EPH. Nay, nay, without apology; If it were treason, it should not go down The sooner for all the gilded preparation.
Nor am I of so feminine a humour As to mistrust affection delivered bluntly: Plain meaning should be plainly told; Bad wares may have false lights, good can abide the day.
ART. But I know the nature of my office; Though kings still hug suspicion in their bosoms, They hate the causers; love to hear secrets too, Yet the revealers still fare the worse, Being either thought guilty of ends or weakness; And so esteem'd by those they tell them to Either unfit or dangerous to be trusted.
Perhaps, sir, when the prince and you are friends again You'll tell me that, had my love been real, I should have whisper'd the prince's errors to himself.
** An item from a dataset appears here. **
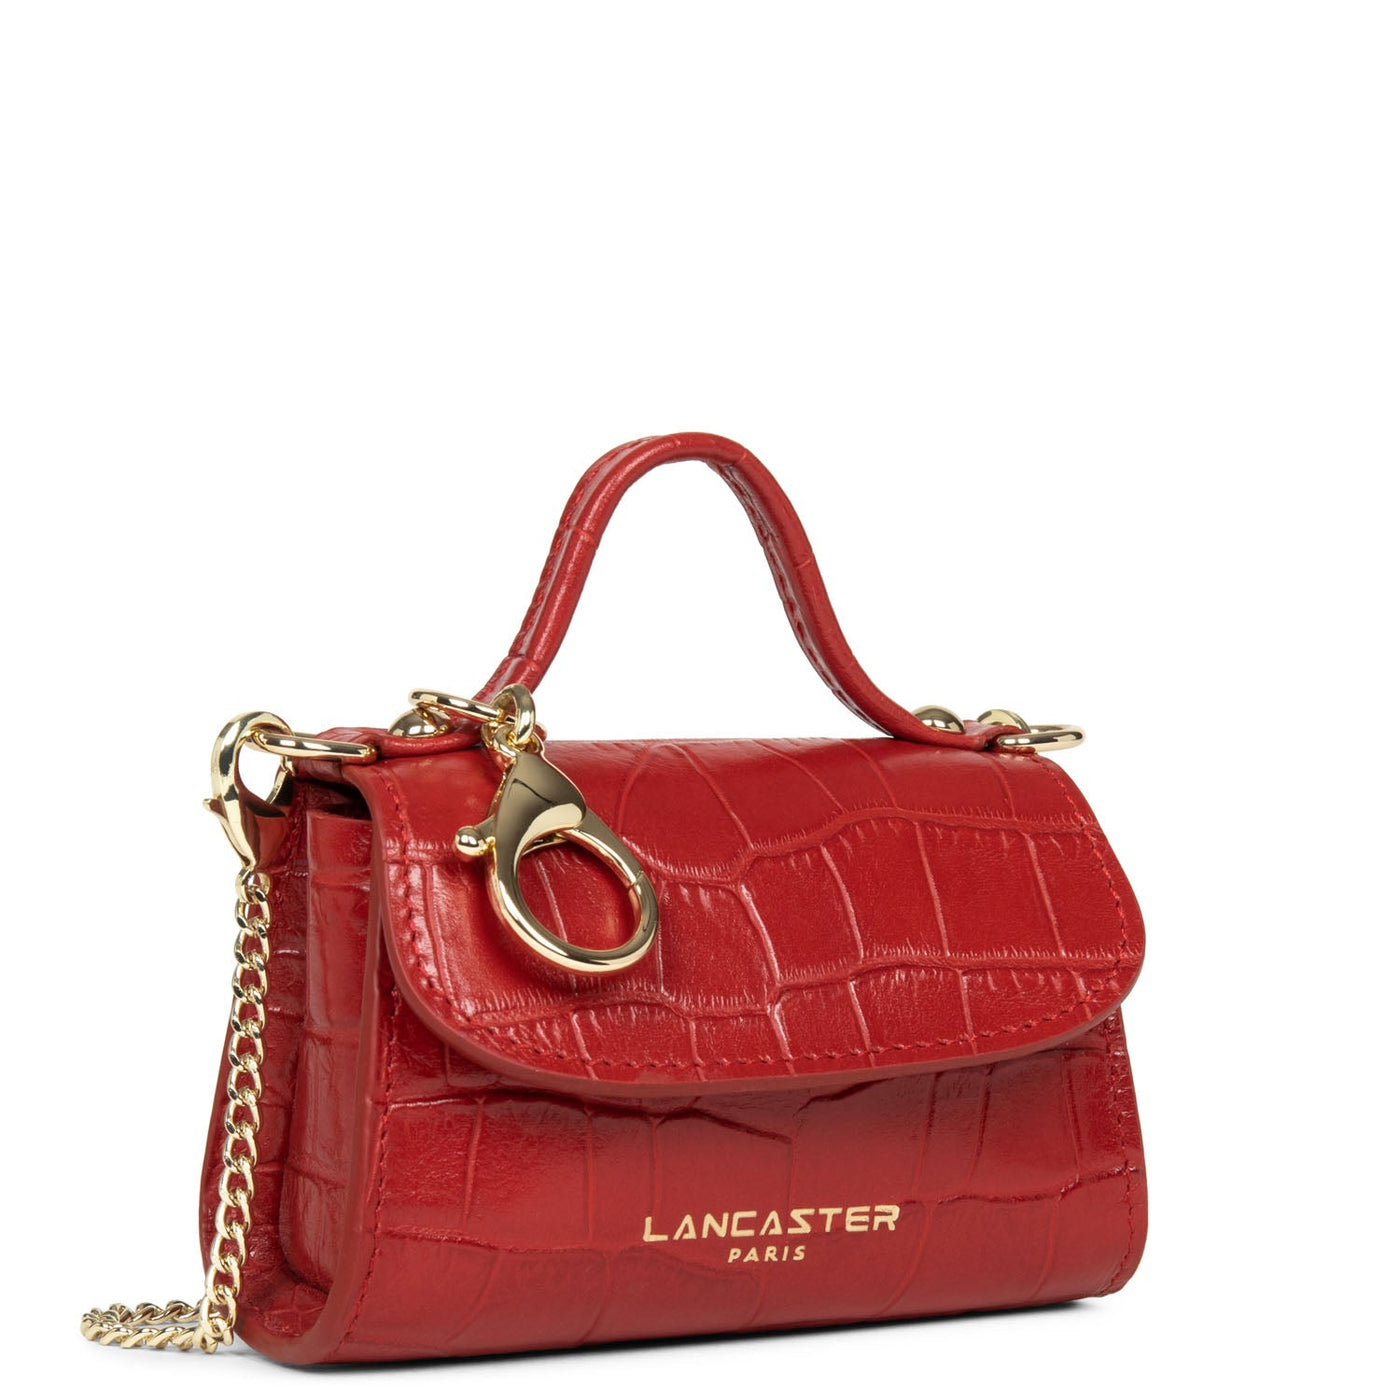 mini coin purse - exotic lézard & croco cn #couleur_rouge

EPH. Without a syllable of prologue more, Or I shall verify your fears.
ART. In this brave city (take it as brief as may be) There lives a beauty, fit to command Them that command the world, And might be Alexander's mistress, were he yet alive, And had added empires as large as his desires: She's but a private merchant's wife; Yet the prince is so far gravell'd in her affection, I fear----
EPH. Then there is hopes I may recall him: Love is a childish evil, though the effects Are dangerous. A prince's errors grown public Will be scandalous. Poor boy! perhaps The jealous husband may commit a murder; I would not have him cut off so young: Love should be princes' recreation, not their business.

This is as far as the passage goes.